Osmotic Pressure of Bovine Serum Albumin in the Presence of Sodium-based Salts at Moderate Ionic Strength
Authors:Larry Chang, Danielle Ornelas, Noriko Ozaki-Felt
Mentor:Victor G.J Rodgers, Department Chair of Bioengineering and Professor of Bioengineering, UC Riverside
Previously, our lab developed a free-solvent model that predicted the non-linear protein osmotic pressure for concentrated bovine serum albumin (BSA) in 0.15 M NaCl at pH 7.4 that was consistent with experimental data (1). In this study, we investigate how anions affect the osmotic pressure of BSA in the presence of 0.15 M monovalent sodium salt solutions at pH 7.4. In particular, this work focuses on NaF and NaI. Reboiras et al. (1986) utilized an empirical model to examine the binding of potassium salts to BSA at high protein concentrations using data from an EMF apparatus (2). Their work predicted that the salt ion binding values for F- and I- are 3 mol NaF/mol BSA and 11 mol NaI/mol BSA , respectively, for 0.1 M salt solutions at pH 7. In our work, osmotic pressure data of BSA in 0.15 M NaF and NaI at pH 7.4 were obtained up to saturation.
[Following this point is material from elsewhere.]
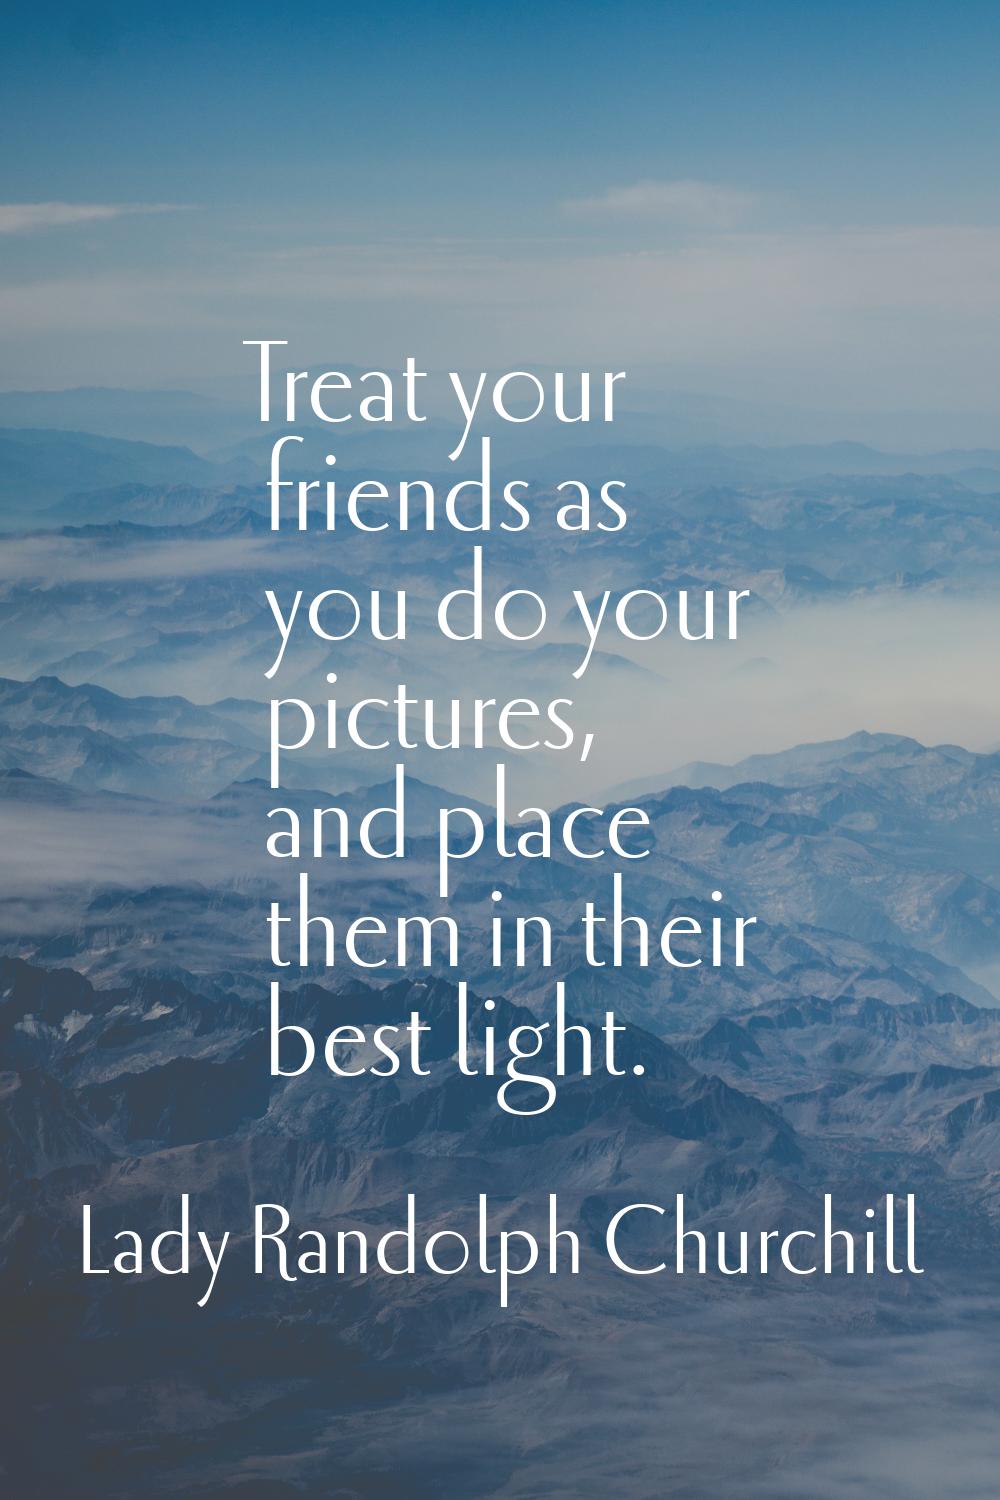 Treat your friends as you do your pictures, and place them in their best light.

Using non-linear least squares regression on the osmotic pressure data, the predicted model parameters were determined to be 7.5 0.58 mol NaF/mol BSA and 1.2 1.06 mol NaI/mol BSA for ion binding and 0.97 ± 0.035 g H2O/g BSA and 0.68 ± 0.052 g H20/g BSA, for NaF and NaI solution hydration, respectively. The ion binding values were significantly different than those previously determine by using an EMF method (2). Interestingly, the model-regressed hydration values for NaI implied an increase saturation limit for the protein in solution which was observed and is consistent with the literature (1). Our current results also show that the monotonic consistency between osmotic pressure and salt ion position in the Hofmeister series was not observed. This is primarily because the solution anions alter the protein-hydration, protein-ion binding as well as salt water interactions, all which dictate the resulting osmotic pressure.